The annotator profiles explain why the consensus improves. In the first iteration, even random annotators still inherit moderate-looking scores because the bootstrap consensus is noisy. By the final iteration, the strong annotators remain strong, the random annotators collapse toward chance, and the bad annotators become clearly anti-reliable.

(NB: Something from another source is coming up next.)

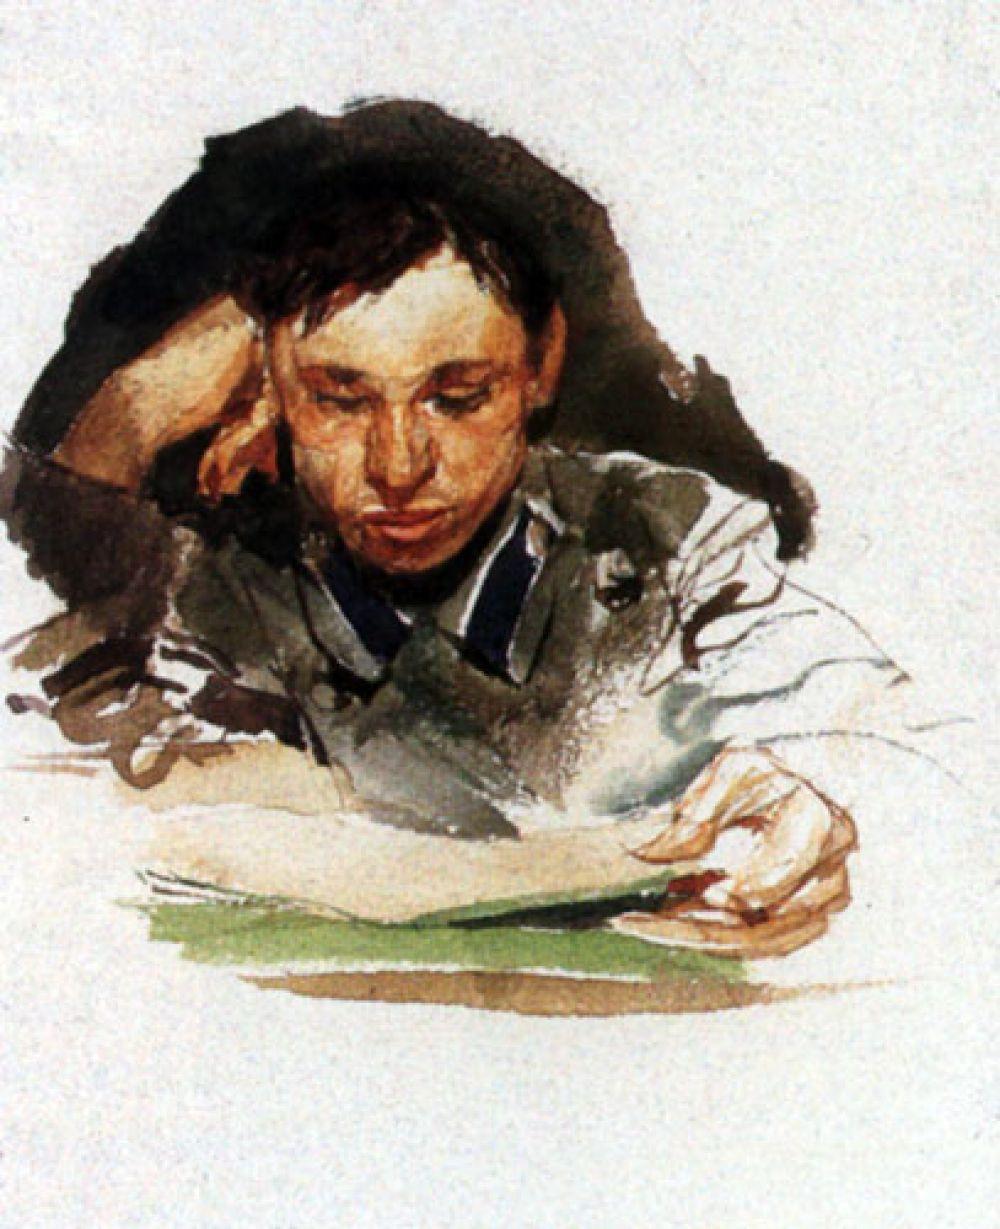 Постепенно Врубель превратился из обычного легкомысленного студента в увлечённого работой и педантичного в мелочах художника. В 25 лет Михаил стал работать с удвоенной силой, а круг его знакомых значительно расширился.

| Annotator | Accuracy vs hidden truth | First iter: P(Pneumonia | Pneumonia) | First iter: P(No Pneumonia | No Pneumonia) | Final iter: P(Pneumonia | Pneumonia) | Final iter: P(No Pneumonia | No Pneumonia) |
|---|---|---|---|---|---|
| Shapiro | 0.990 | 0.877 | 0.587 | 0.994 | 0.972 |
| D'Agostino | 0.950 | 0.915 | 0.614 | 0.959 | 0.954 |
| Jarque-Bera | 0.960 | 0.915 | 0.628 | 0.950 | 0.965 |
| KS | 0.565 | 0.330 | 0.990 | 0.175 | 0.995 |
| Random 1 | 0.495 | 0.689 | 0.581 | 0.487 | 0.507 |
| Random 2 | 0.505 | 0.708 | 0.654 | 0.457 | 0.577 |
| Random 3 | 0.515 | 0.708 | 0.601 | 0.494 | 0.535 |
| Random 4 | 0.500 | 0.632 | 0.567 | 0.485 | 0.515 |
| Bad 1 | 0.085 | 0.217 | 0.440 | 0.081 | 0.101 |
| Bad 2 | 0.110 | 0.292 | 0.419 | 0.130 | 0.082 |
The final pattern is clear. Shapiro, D'Agostino, and Jarque-Bera emerge as highly reliable. KS remains weak and asymmetric. The random annotators settle near chance behavior. Bad 1 and Bad 2 end with extremely low reliability.
The practical point is simple. Majority vote counts annotators, while EM estimates annotator quality. When the pool contains weak or bad annotators, that difference is decisive.